Three Greater Cincinnati equipment finance industry veterans decided to leave their established company less than five years ago and form their own startup. They’ve already built it into one of the industry’s top players.
Verdant Commercial Capital, based in Blue Ash, originated just under $400 million in financings last year. It’s forecasting that number will soar to $535 million this year, representing 34% growth. Back in 2017, when the company was launched, it originated just $7 million in financings. To be fair, it started in July that year. But the growth is exponential.
Verdant doesn’t plan to stop there, either.
“Our goal is to reach $1 billion in annual originations in the next three to four years,” CEO and co-founder Mike Rooney told me.
That growth has prompted several Verdant milestones in the past six months: it crossed the $1 billion mark in total company financings, moved its headquarters to the Landings II office building in Blue Ash and added a team of people in Detroit who focus on alternative energy, a new area of specialization for the company.
Verdant is an equipment financing and leasing company. It provides capital to companies so they can acquire equipment. That takes a lot of expertise. Verdant has that with co-founders Chris Kelley and John Merritt, both of whom are executive vice presidents, along with Rooney. Each has more than 30 years in the business. And it’s added more knowledge by bringing on teams such as one in Detroit late last year.
Rooney attributes the growth largely to that knowledge base.
“We focus on knowing the market where we are lending money,” he said. “We have the expertise or the ability to recruit people in those markets.”
The growth and projections for this year should lift Verdant to the nation’s third-largest independent equipment leasing company, Bob Rinaldi, who runs a Texas-based industry consulting business and co-founded Information Leasing with Rooney, told me. It’s also among the top 50 overall. More than two-thirds of the top 50 are owned by banks.
Verdant focuses on six specialty areas: technology and office automation, renewable energy, specialty vehicles, industrials, manufacturing equipment and a new golf, sports and entertainment category that includes a lot of golf cart financing.
It provides strictly vendor financing. Verdant works with dealers, who use Verdant’s products to offer financing to buyers.
Its largest deal so far is $63 million. But Verdant’s financings range from as little as $10,000 to that huge deal. Its customers include companies like manufacturers of forklifts and excavators as well as solar project developers and others.
The company has 71 employees, including 20 in Greater Cincinnati.
The three have worked together for decades. Rooney was a co-founder in the late 1980s of Information Leasing Corp., a Cincinnati equipment leasing firm. Merritt joined the company a few years later and Kelley came aboard after Provident Bank bought in the late 1990s. The company later became PNC Bank’s national equipment leasing business, which is still based in Cincinnati.
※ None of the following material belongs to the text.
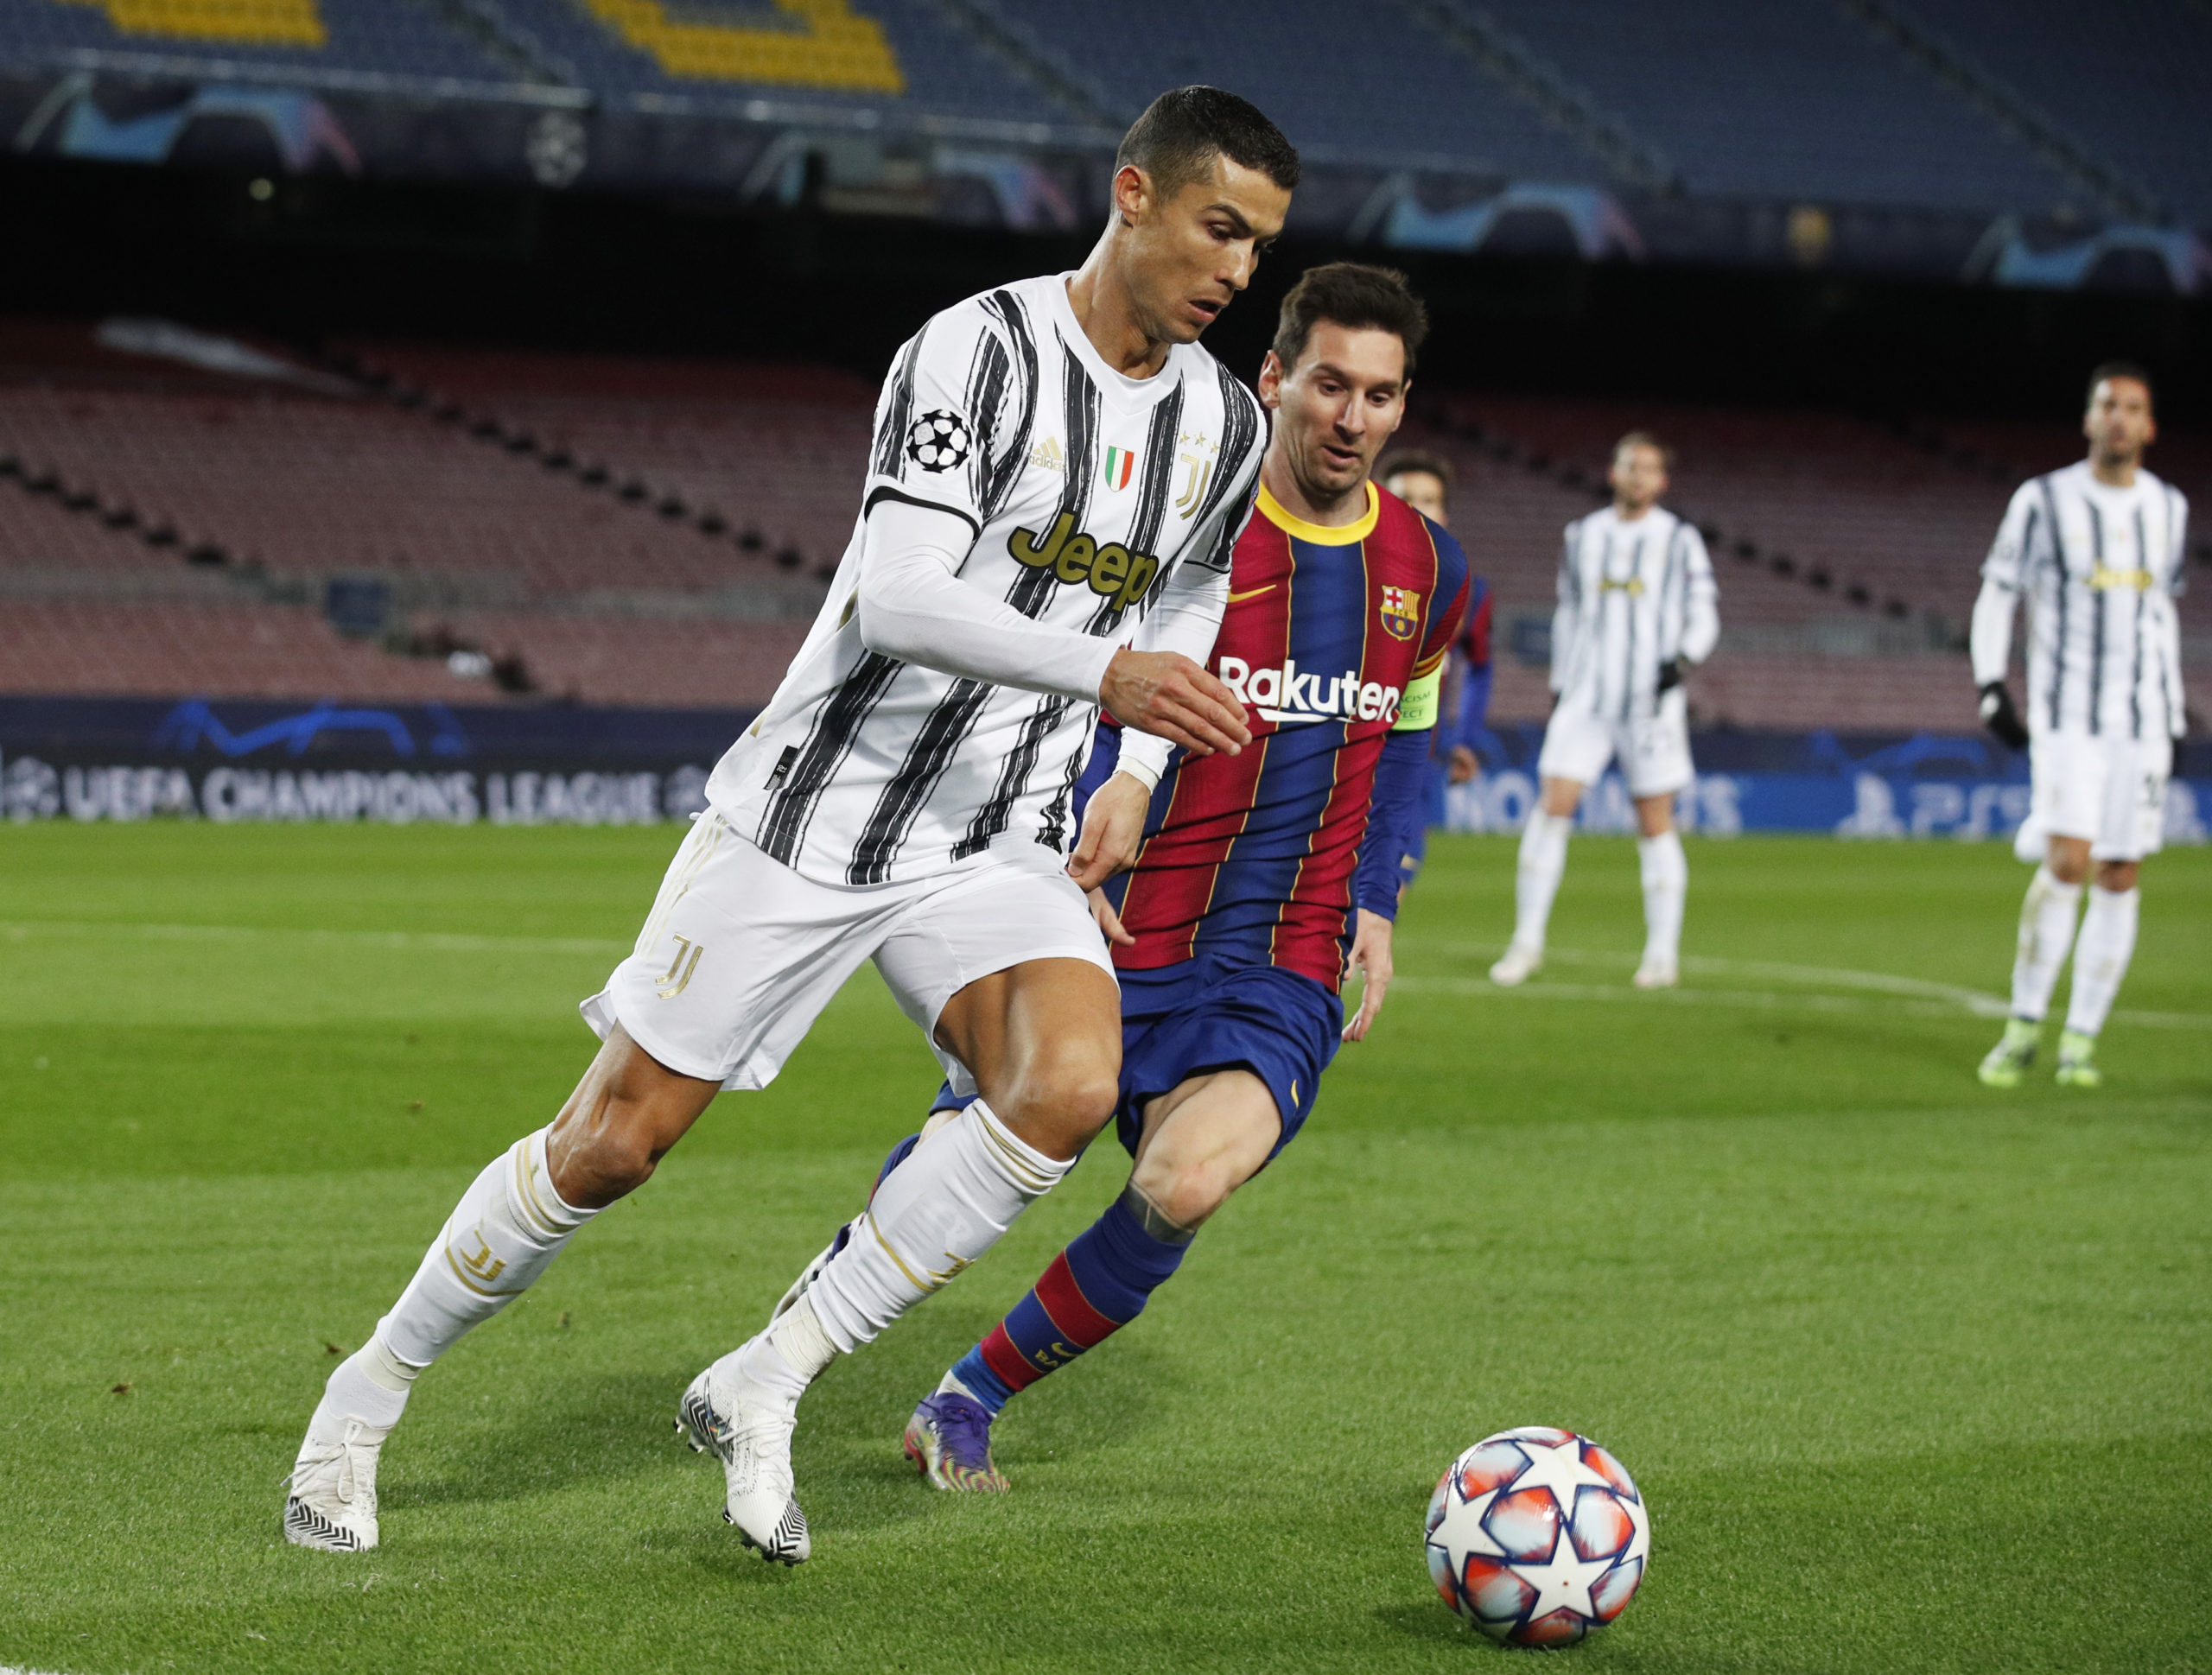 Ronaldo double helps Juventus to 3-0 win over Barcelona - Inquirer Sports

But a few years ago they decided to venture out on their own.
“At some point you have to decide, are you an entrepreneur or a banker,” Rooney said. “We decided, with the three of us, let’s do the same thing we’ve been doing but with our own company.”
Rinaldi credited Verdant's expertise for its remarkable growth.
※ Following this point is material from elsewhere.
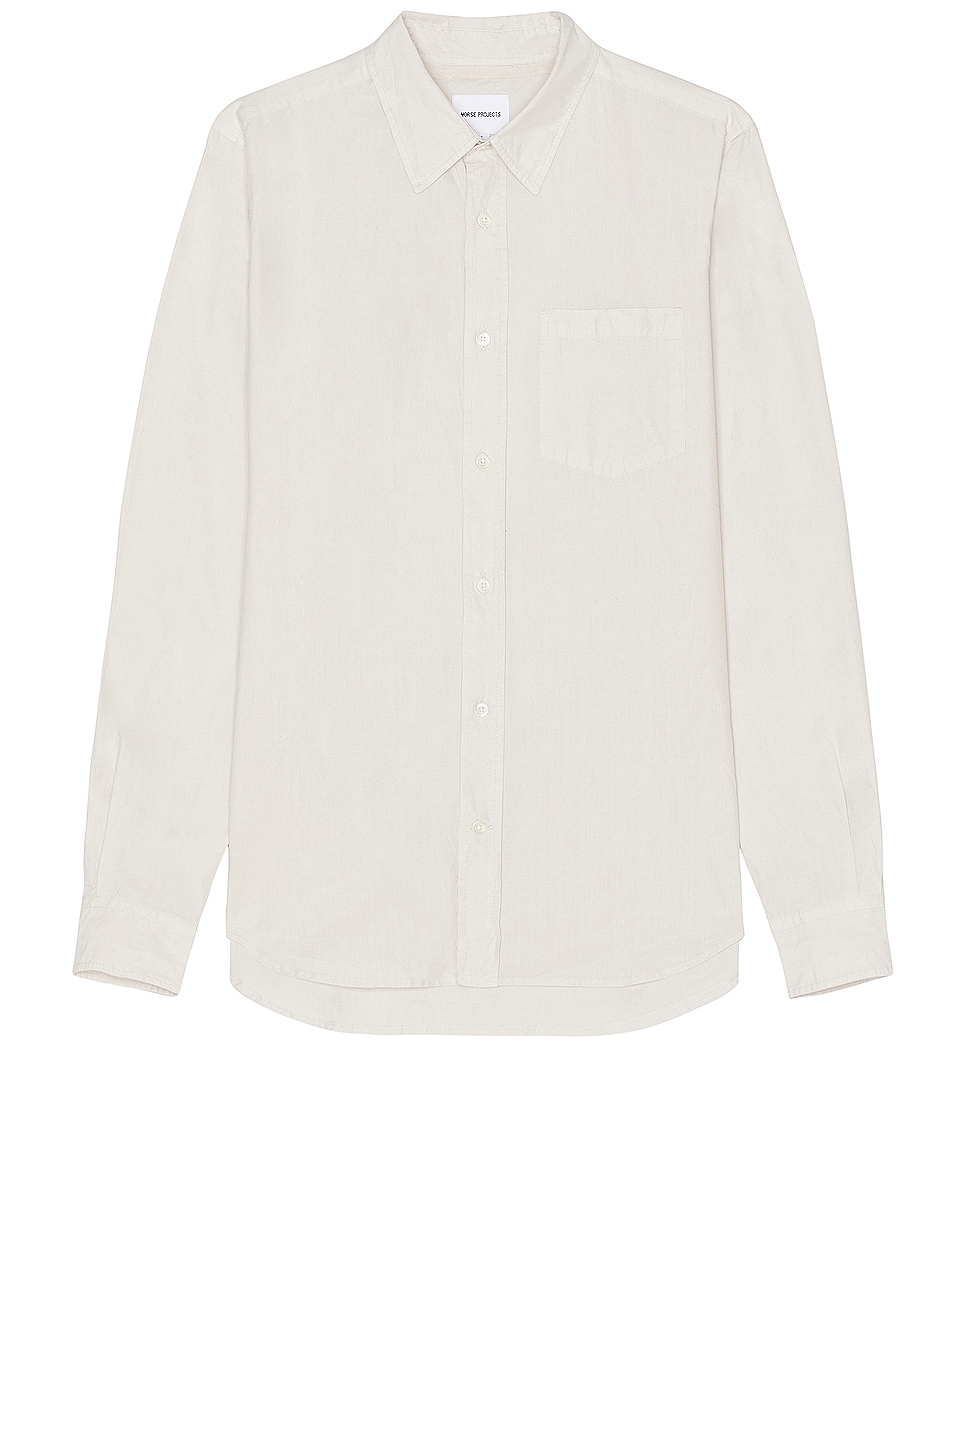 Image 1 of Norse Projects Osvald Cotton Tencel Shirt in Marble White

“Mike, Chris and John have a very rare perspective which contributes greatly toward the extraordinary success of their equipment leasing business model,” Rinaldi told me. “At the forefront of the Verdant model is the knowledge that you have to add the most talented outside sales people with deep industry sector experience. In less than five years since its startup, they have built what normally takes decades.”
Verdant’s growth and rise in the industry has made it easier to raise money, something equipment financing companies frequently need to do. The company is owned by the founders and others, including a family office it brought on board as an investor.
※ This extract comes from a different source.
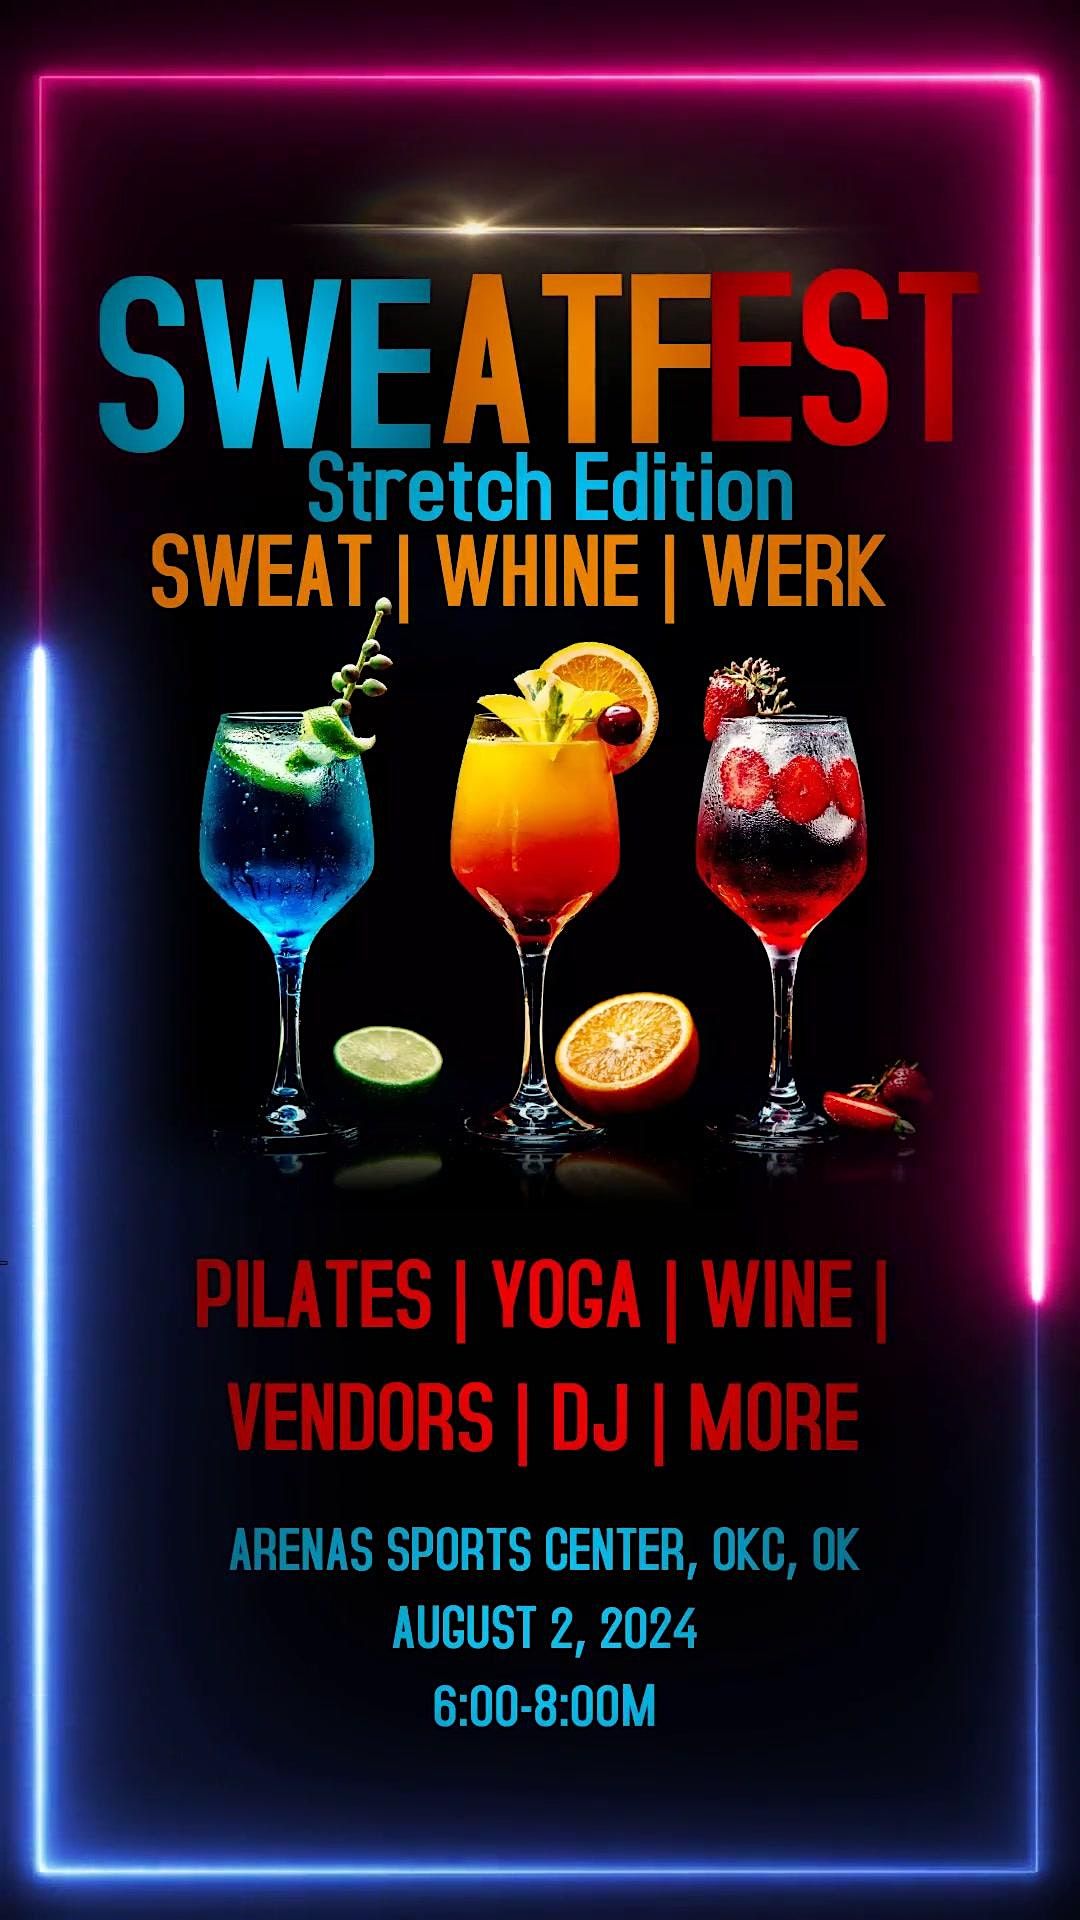 Sweatfest Dance Fitness Series: Stretch and Wine Down Edition

They’ve already raised more than $35 million in investment capital. Most of it is from local investors. And that number could go up, Rooney said.
It finances deals using “significant” lines of credit and relationships with banks, Rooney said. In addition to financing deals, Verdant also has built a solid foundation with capabilities to handle a much larger organization.
“Now it’s about leveraging that investment,” Merritt said. “We want to grow the business on top of that infrastructure. We’ve funded in the first two months this year more than we’ve ever done in a 60-day period.”
The company expects to begin issuing bonds through the public markets later this year, Rooney said.
“Once we do that, liquidity will be much more available,” Merritt said.
The three founders and Verdant’s CFO are all over 60. That begs the question of how its succession plan is set up. The company's deep bench leaves it in good hands for the future, the founders say.
"We have a lot of highly talented people who are 10 to 15 years younger than we are," Rooney said.
Cincinnati has developed into a hotbed for big players in the industry. In addition to Verdant and PNC, Mason-based Summit Funding Group Inc. became the nation's fourth-largest independent equipment financing company before being acquired by downtown-based First Financial Bancorp in December.